[Date Prev][Date Next][Thread Prev][Thread Next][Date Index][Thread Index]

Re: [HTCondor-users] Job Suspended - Stuck



On 1/16/2014 12:02 PM, Andrey Kuznetsov wrote:
Hi,

Here's the log file from a job that appears to be suspended, and I cannot
resume it.
Short of removing the job and resubmitting it, is there another way to
force it to restart or continue?


The story here is your job landed on a machine that is configured to suspend jobs running on that machine when some condition becomes true (e.g. activity on the keyboard or increased non-condor load average) and then unsuspend or restart the job after X amount of time. This sort of policy is common when running jobs on non-dedicated desktop machines.

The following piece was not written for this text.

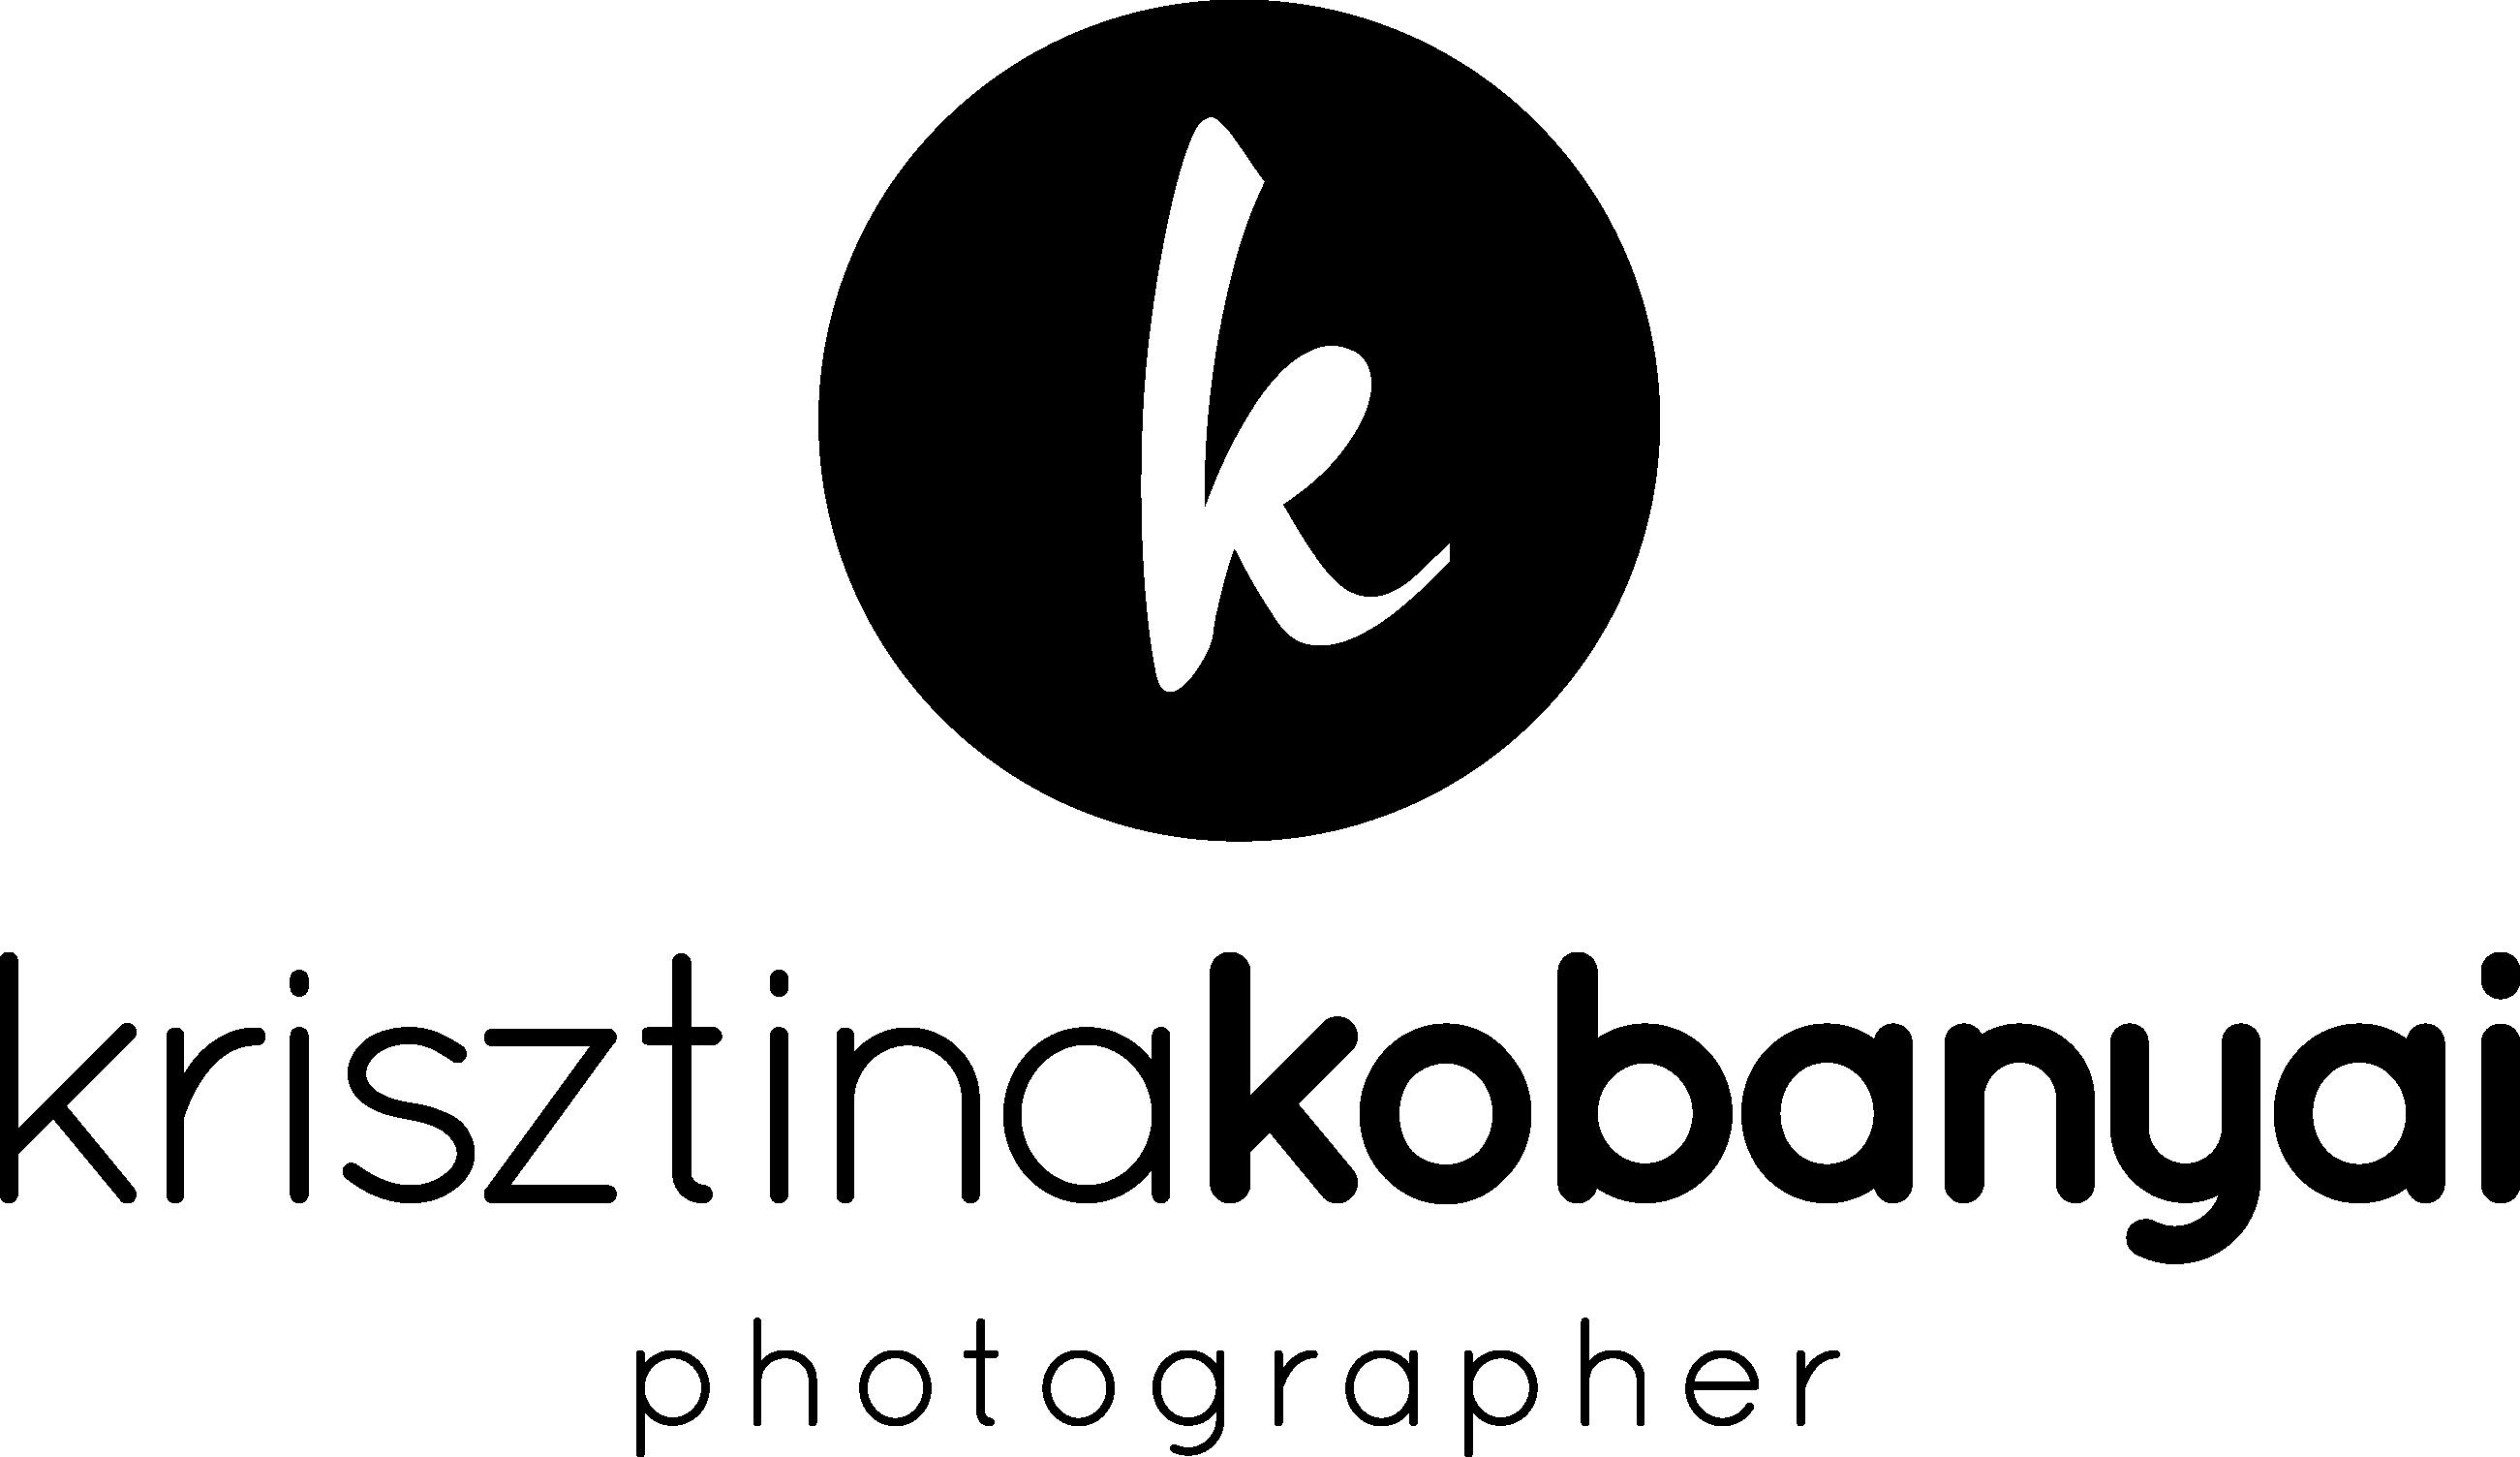 Krisztina Kobanyai

As a user submitting jobs, if you never want your jobs to suspend, you're only recourse is to add a requirement to your submit file to avoid machines with such a policy (if there are any such machines in your pool).

If you are also the administrator of the machines in your pool, you could put
  SUSPEND =  FALSE
into your condor_config file...

Todd

001 (1321.003.000) 01/15 15:57:23 Job executing on host: <128.114.*.*:9944>
...
006 (1321.003.000) 01/15 15:57:32 Image size of job updated: 24704
     2  -  MemoryUsage of job (MB)
     1572  -  ResidentSetSize of job (KB)
...
010 (1321.003.000) 01/15 15:58:56 Job was suspended.
     Number of processes actually suspended: 2